> Activity
Repeat only the lines below from the one that contains "We've partnered with" through the final line, exactly. Omit pictures.

> Supplied material
★ ★ ★ ★

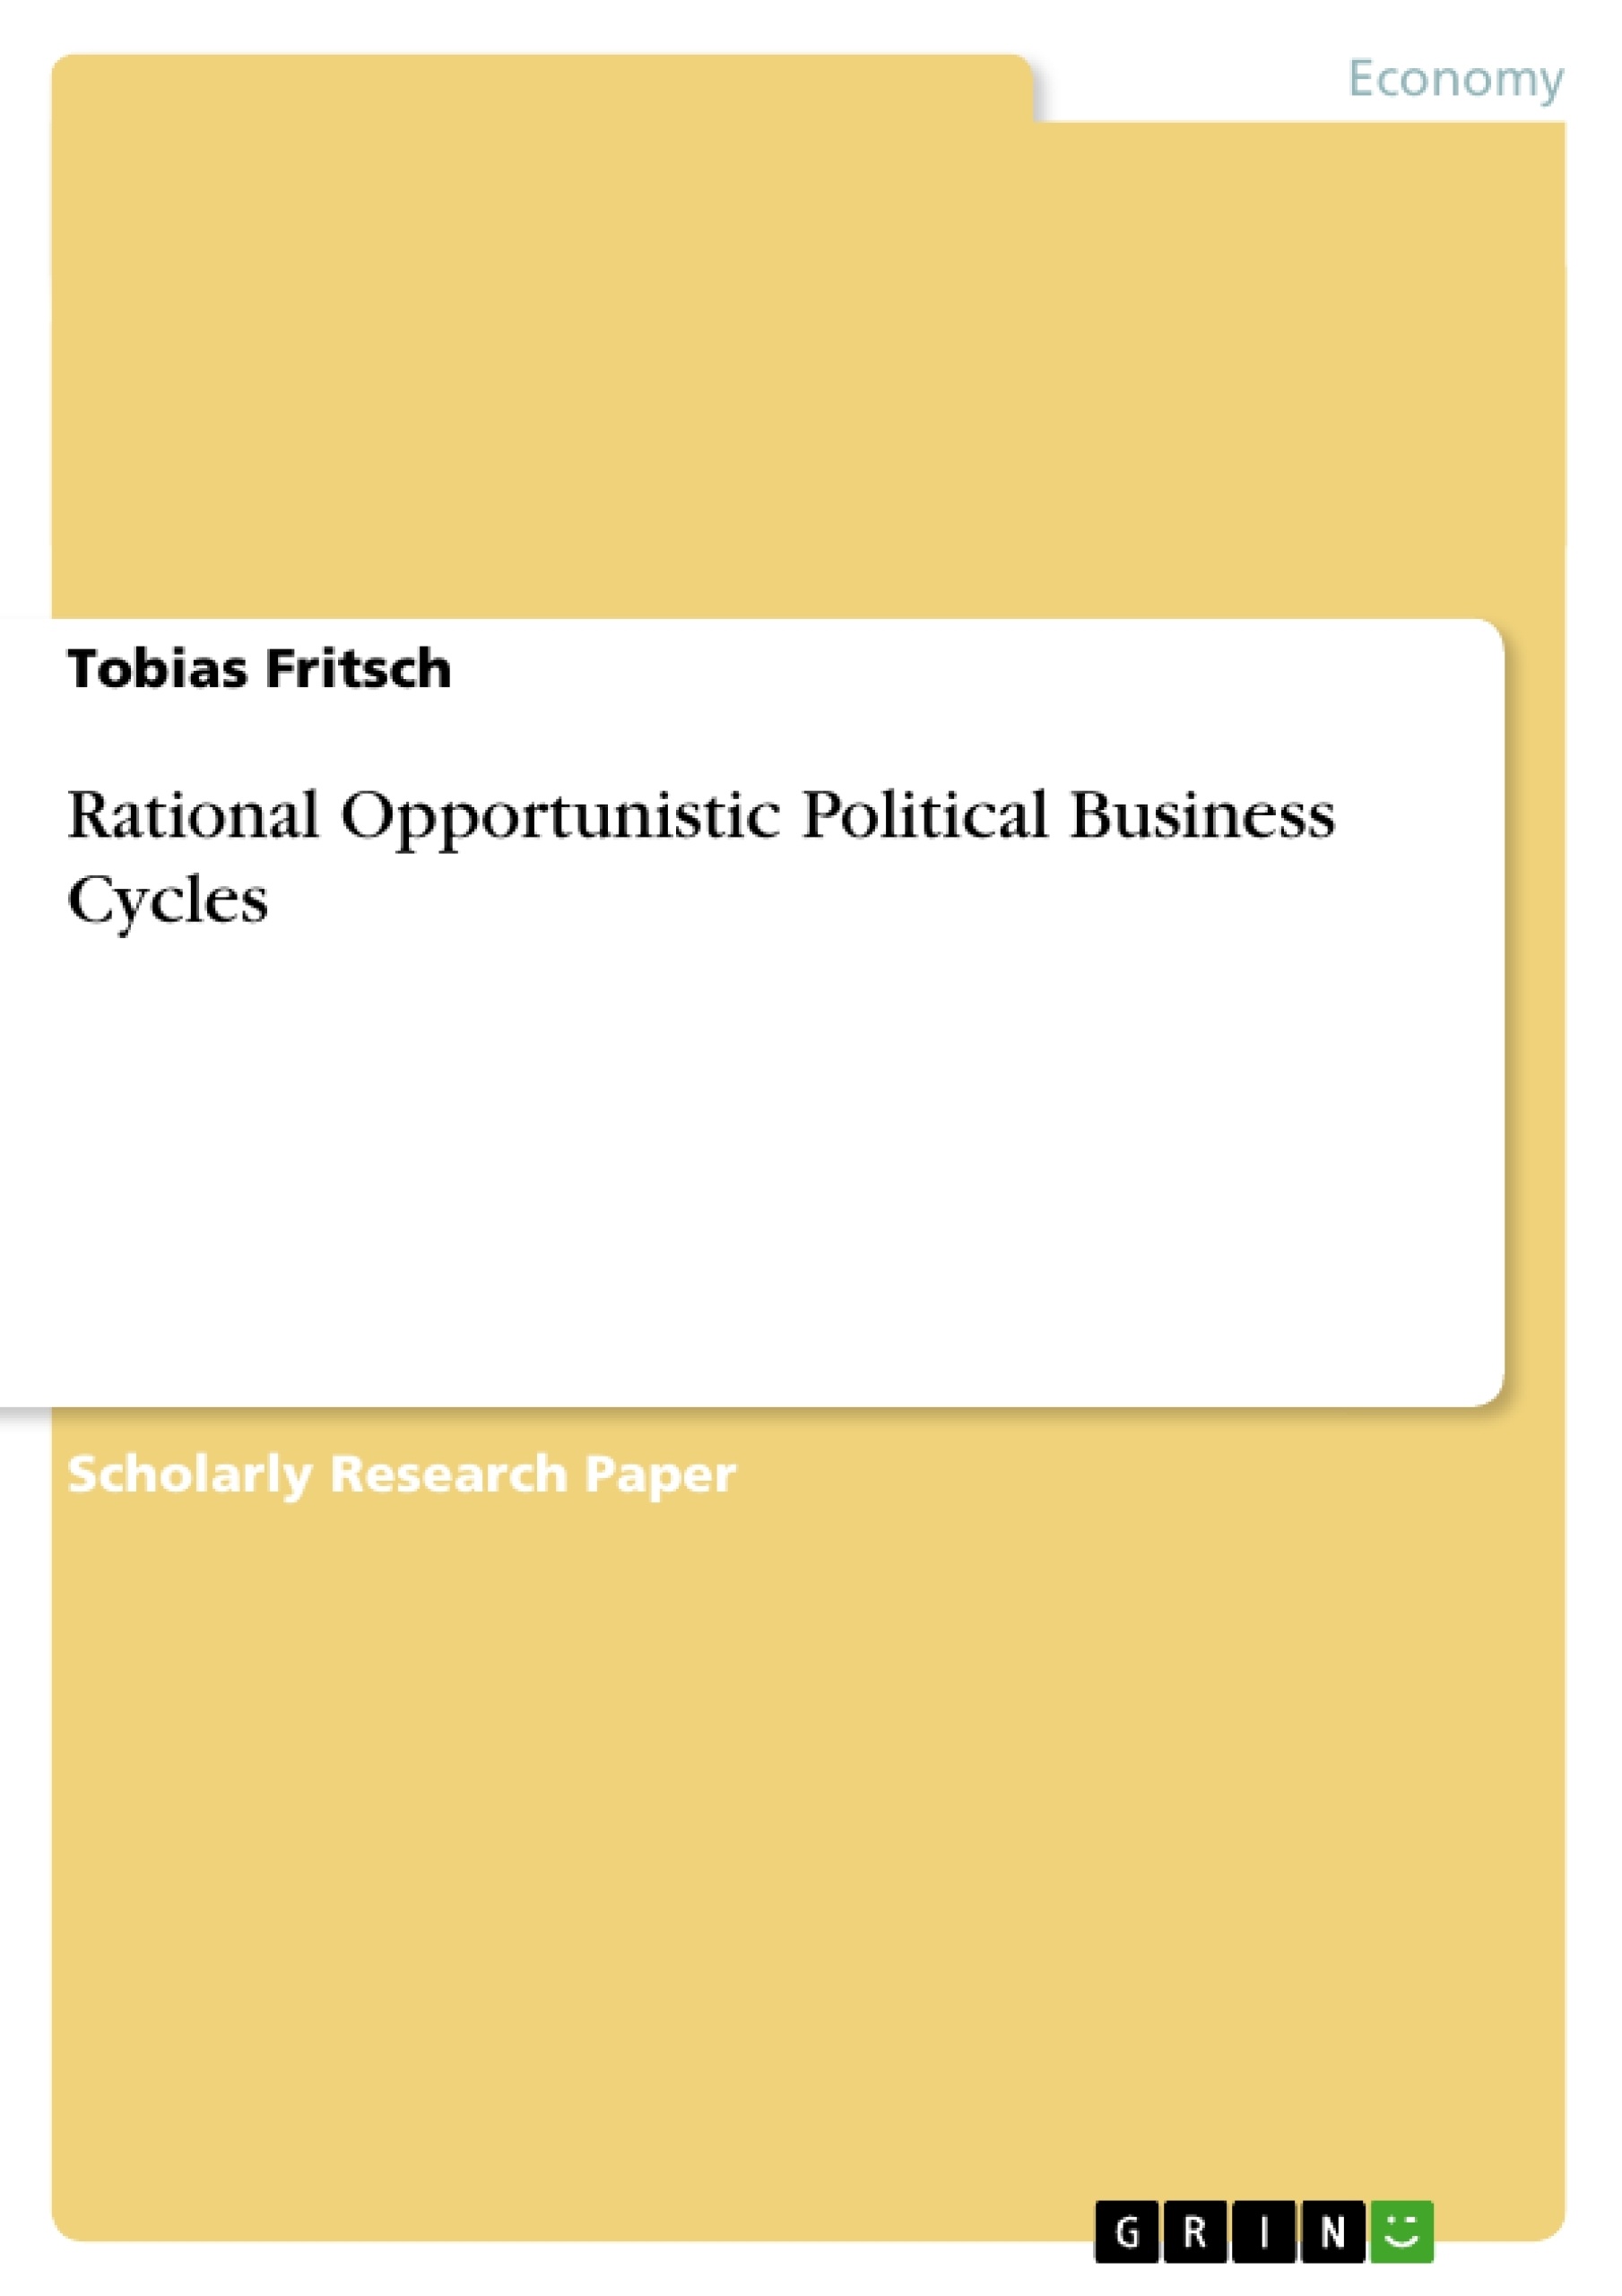 Title: Rational Opportunistic Political Business Cycles
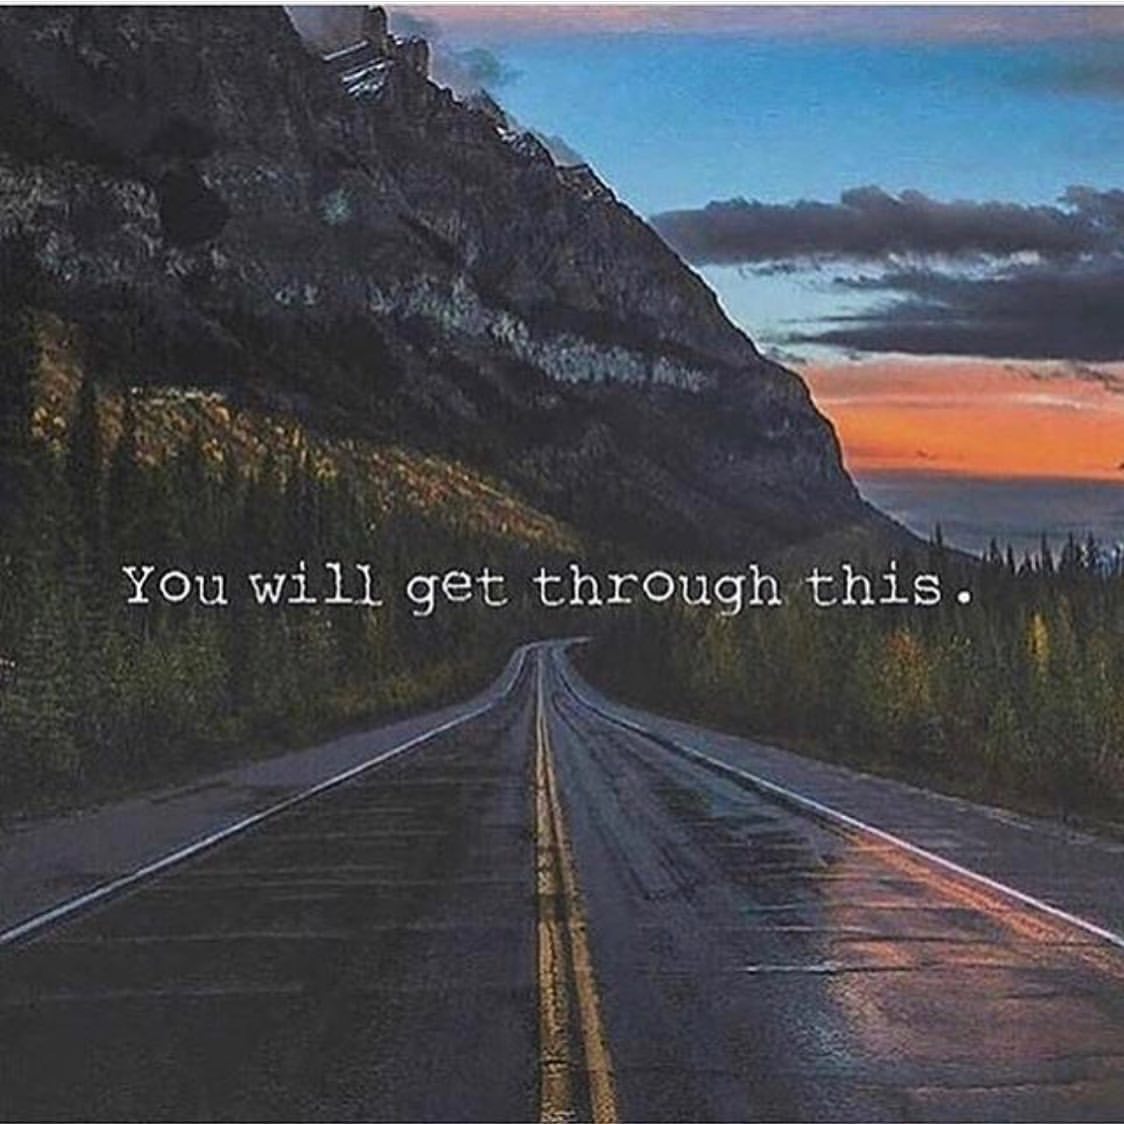 You will get through this.
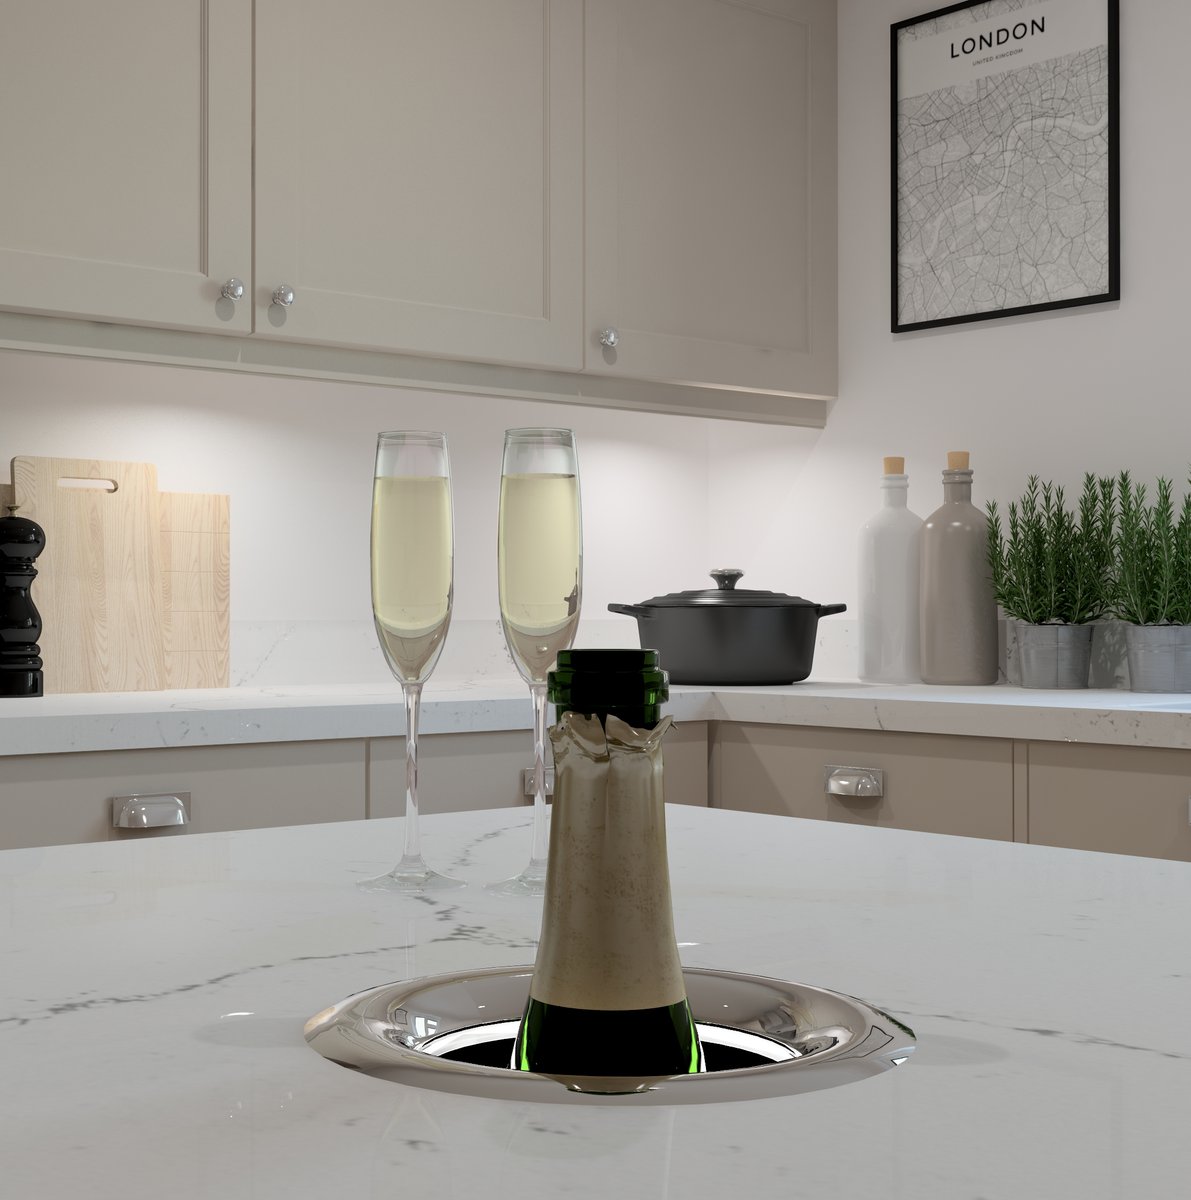 We've partnered with @Kaelo_UK to bring you access to their open bottle hosts in ArtiCAD-Pro 🥂🍾 Download from the Members Portal now and start creating designs just like the one you see here featuring Kaelo's open bottle host in stainless steel. #articad #kitchendesign
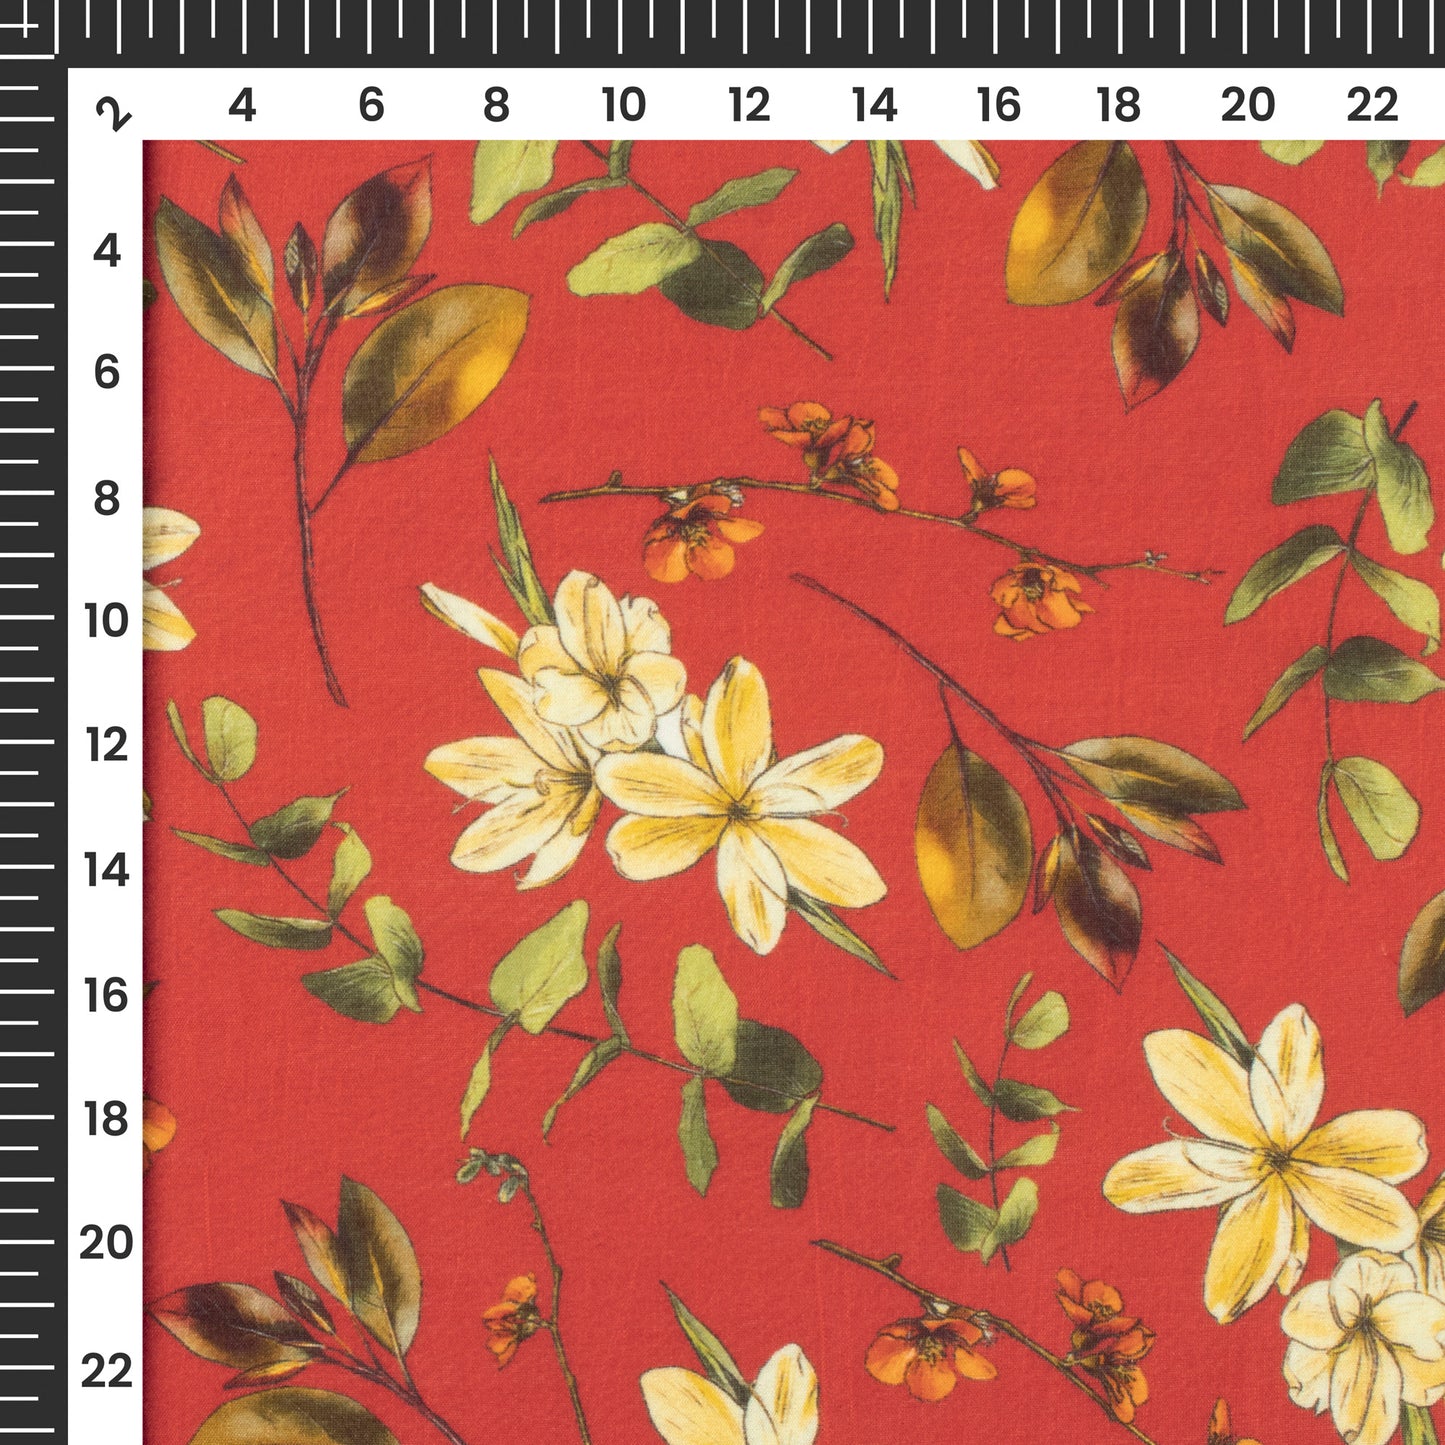 Burgundy Red Floral Printed Sustainable Orange Fabric

★ ★ ★ ★

> Task solution
 We've partnered with @Kaelo_UK to bring you access to their open bottle hosts in ArtiCAD-Pro 🥂🍾 Download from the Members Portal now and start creating designs just like the one you see here featuring Kaelo's open bottle host in stainless steel. #articad #kitchendesign
 Burgundy Red Floral Printed Sustainable Orange Fabric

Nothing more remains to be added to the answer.